Here are three things that every smart American investor should know about Europe: they call a Quarter Pounder a “Royale With Cheese;” everyone in France wears a beret with their name on it; the region’s equities have never been valued as closely to American stocks.
OK fine, that second part isn’t true. It’s just a bad interpretation of European culture from a good American movie. But given the way things are going, American and European interpretations of equity values have never looked more similar.

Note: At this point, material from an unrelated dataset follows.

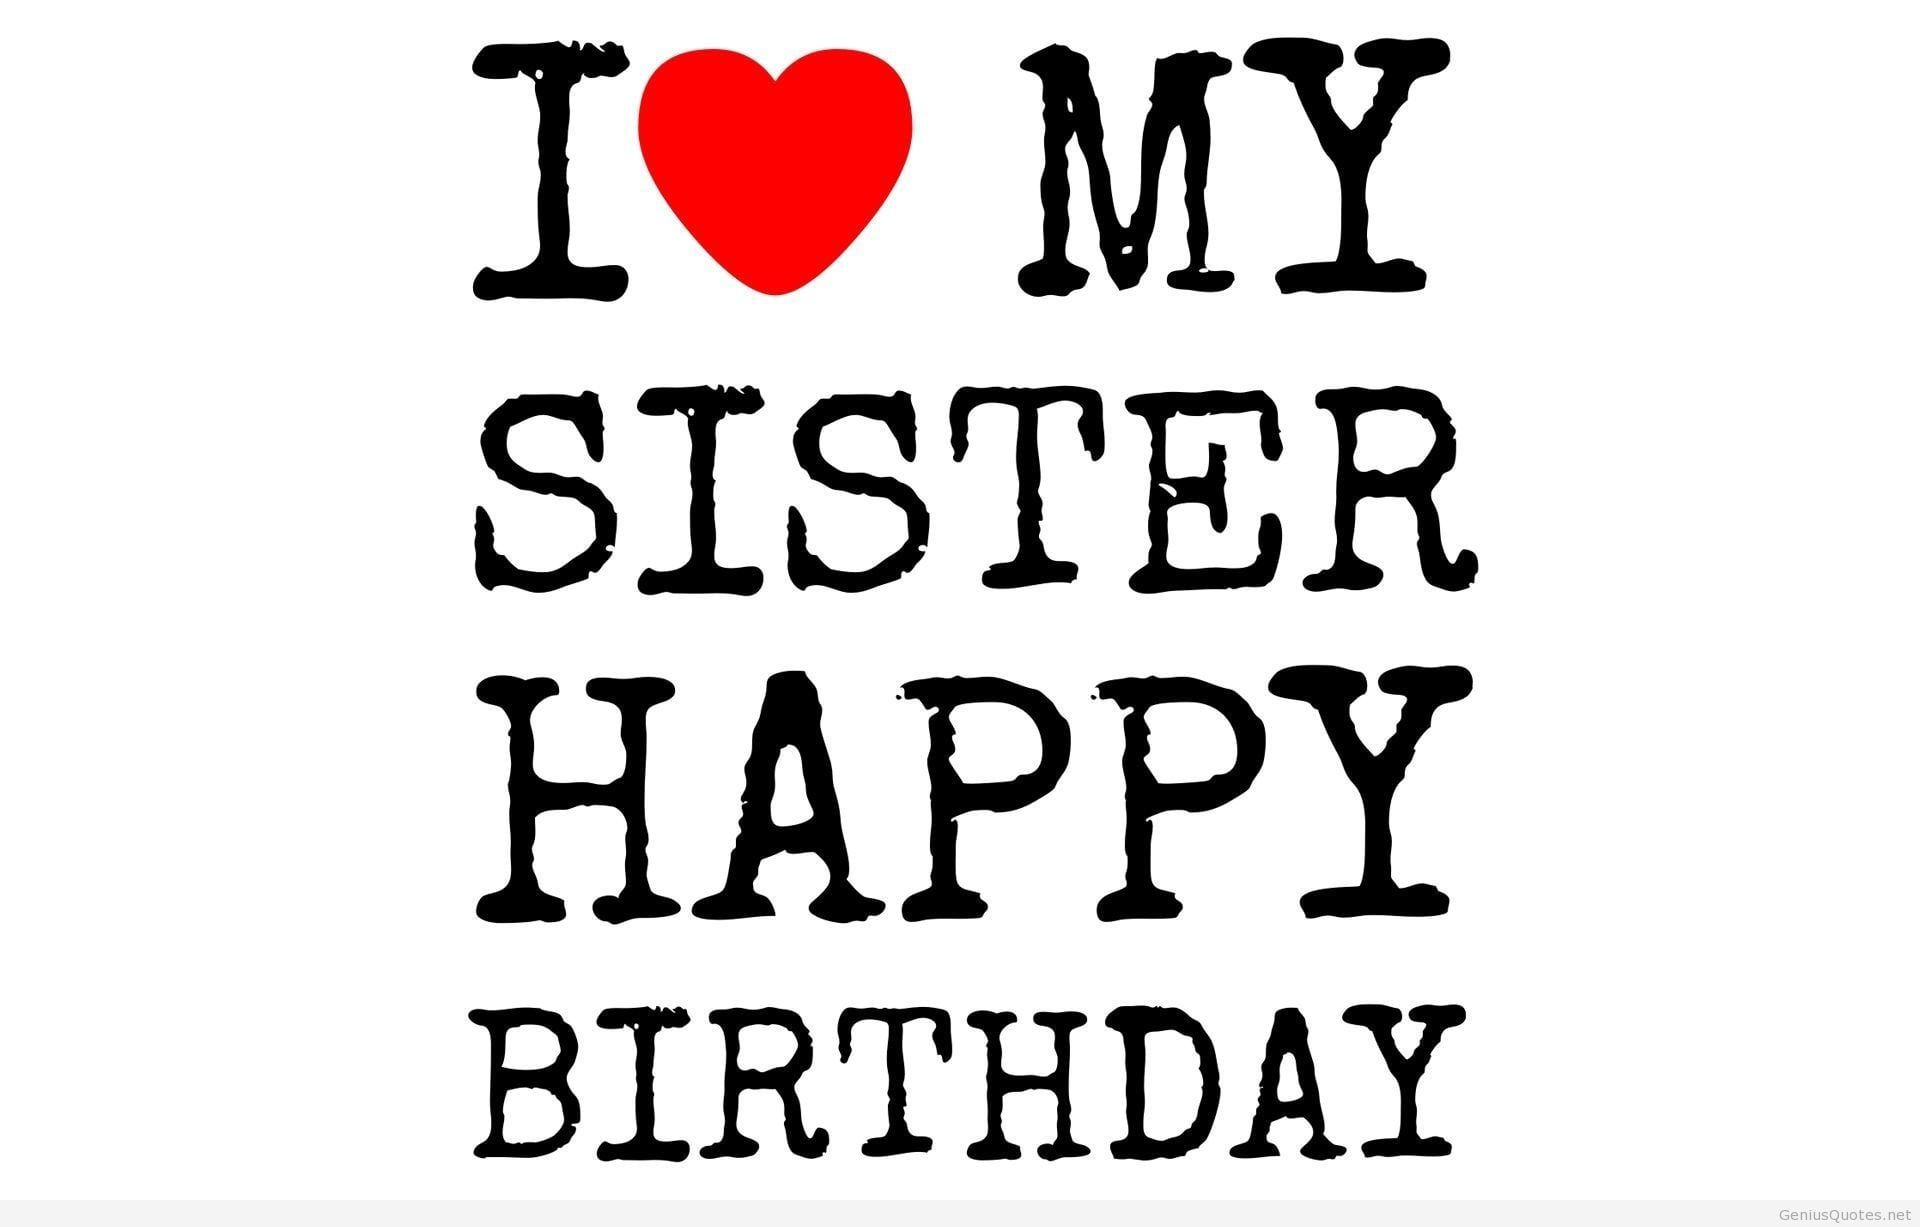 I Love My Sister Happy Birthday Birthday Wishes For Sister Happy Birthday Wishes Sister Sister Birthday Quotes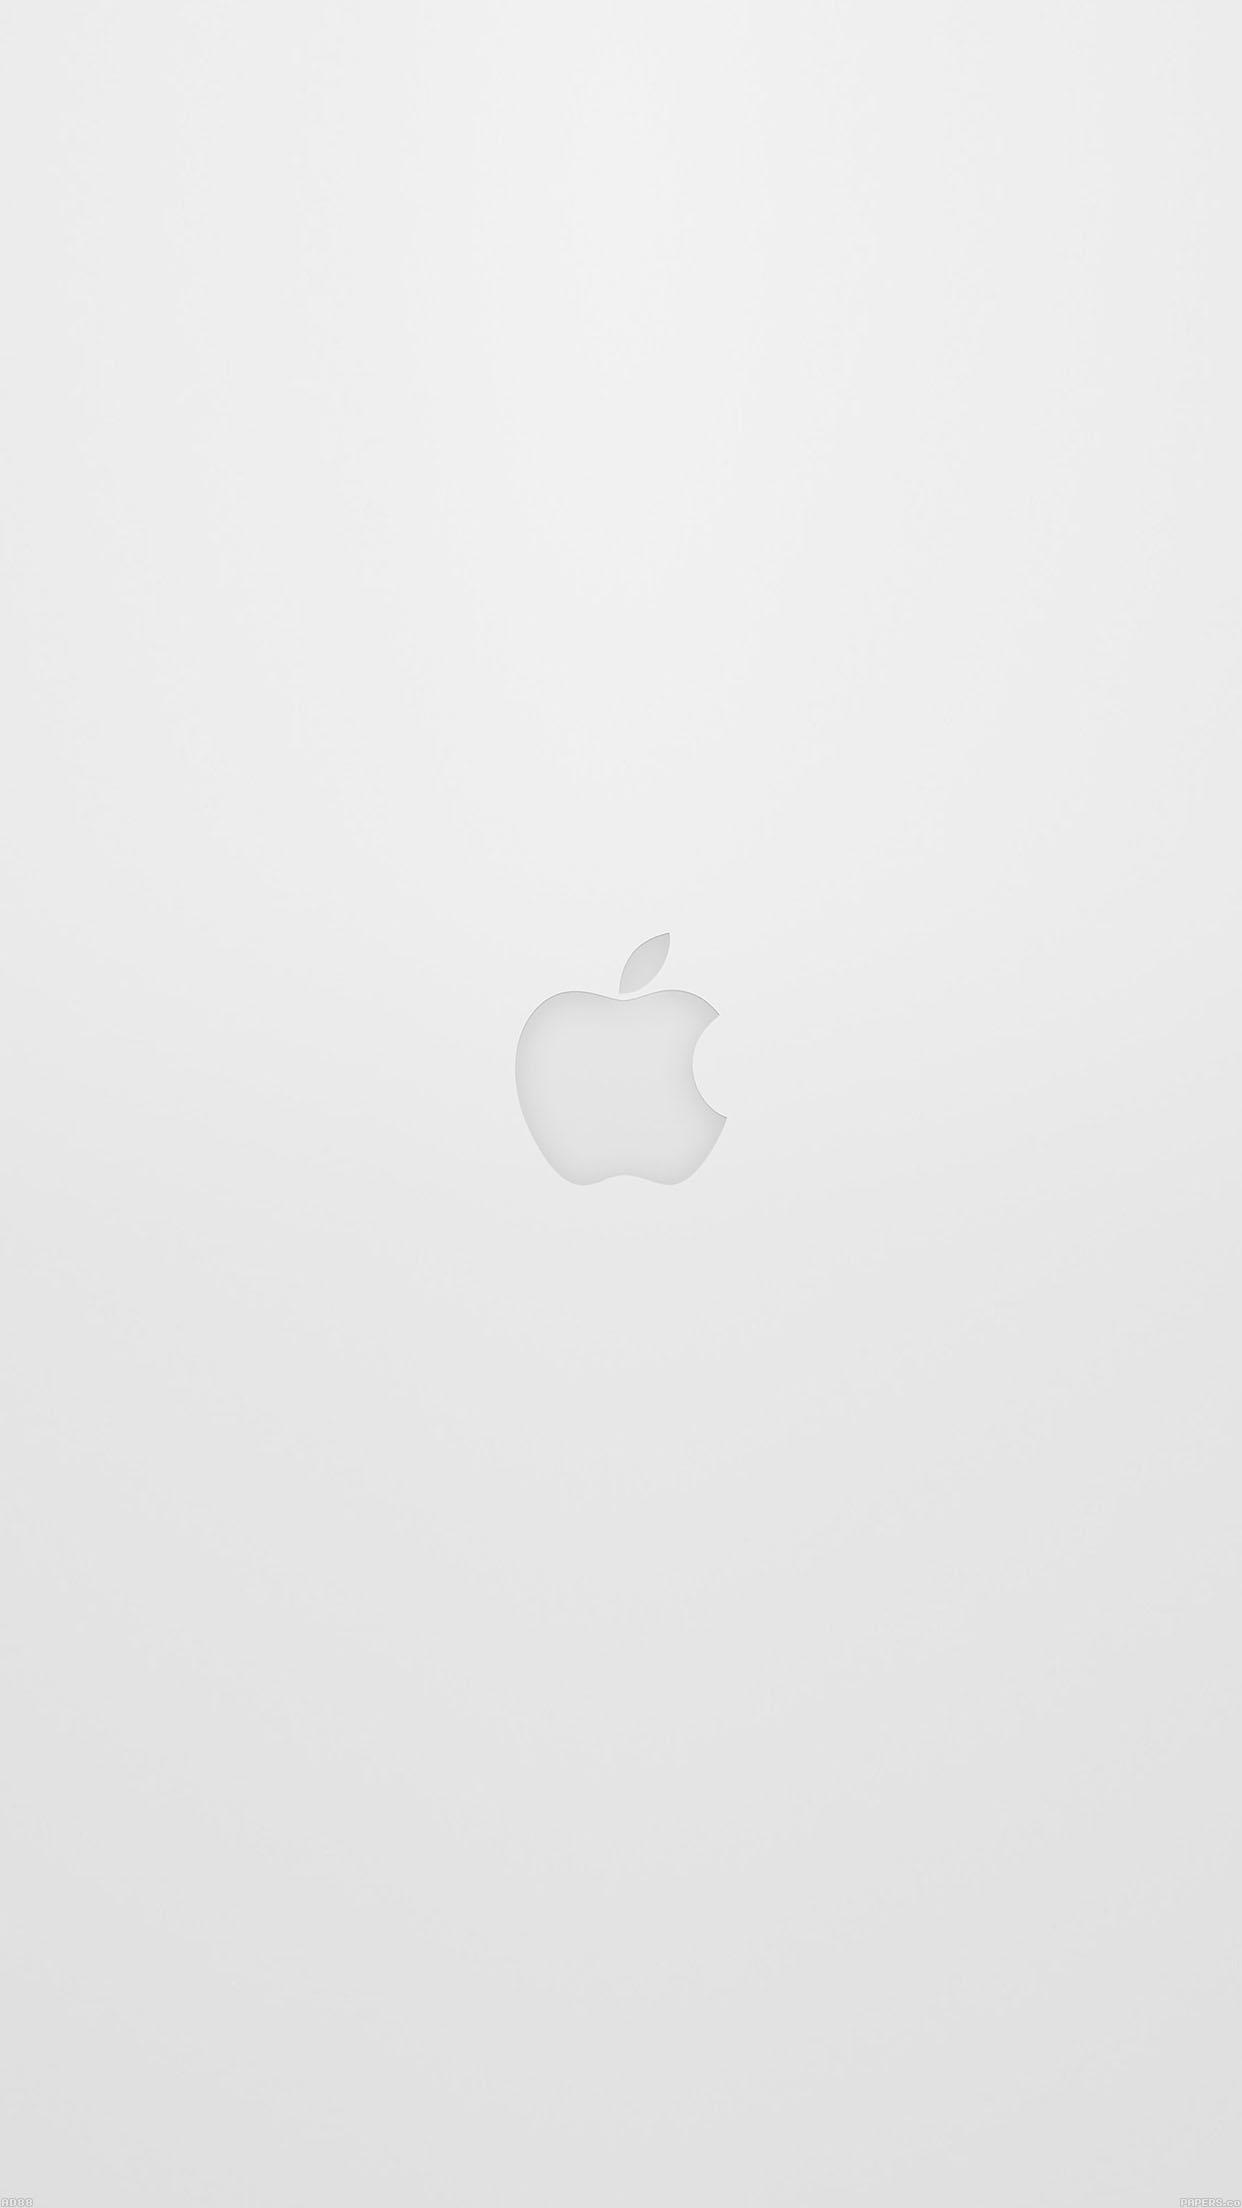 apple logo wallpaper iphone 8 plus

The Euro Stoxx 50 Index has rallied almost 6 percent this year after an 18 percent gain in 2013. The benchmark gauge is trading for about 14.8 times its companies estimated earnings over the next 12 months. That’s the highest it’s been in Bloomberg data going back to 2005, and last week the index’s valuation discount to the Standard & Poor’s 500 Index was the smallest on record based on forward profit estimates.
What in the name of Le Big Mac is going on here? Wasn’t this the region that was falling apart at its finely-tailored seams not too long ago? Is the euro area’s 1.1 percent projected economic growth this year that exciting? Or are bubbles percolating in the fondue pot?
“Positioning is not extreme,” Credit Suisse Group AG’s London-based strategist Andrew Garthwaite writes. “The potential for superior earnings growth is not yet fully discounted.”
Garthwaite acknowledges the rising valuations, which by his math show that non-financial price-to-earnings multiples are 11 percent above their 15-year average relative to global markets. However, he forecasts profit growth of at least 40 percent in the euro area over the next three years, the most of any of the world’s major regions.
The European Central Bank’s new stimulus plan, including lower interest rates and funding for bank loans, has Garthwaite bearish on the euro but bullish on European stocks in general and Italy in particular, as well as banks, auto companies and German real estate. He sees the ECB’s lending program helping boost the valuation of banks to 1.3 times tangible book value from the current 1.1.
Omar Fall and his colleagues at Jefferies LLC are among the other analysts chiming in this morning, calling the ECB lending program a “win-win” for European bank stocks. One win would come if the stimulus resuscitates a sick lending market. And even if that doesn’t happen, banks should be able to benefit from a type of “carry trade.” (That is, picking up that cheap ECB dough and carrying it over to sovereign bond markets.)
“There is a clear incentive for banks to take up their full allocation and benefit from a close to 3 percent carry yield in Italy and in Spain,” the Jefferies analysts wrote. “As we have seen in the past, as unhealthy as this may be for the ’real economy,’ it has been a boon to risk assets.”
Yup, those Europeans are sounding more and more like Americans. Maybe they’ll even put on some helmets and shoulder pads and finally start playing “football” the right way.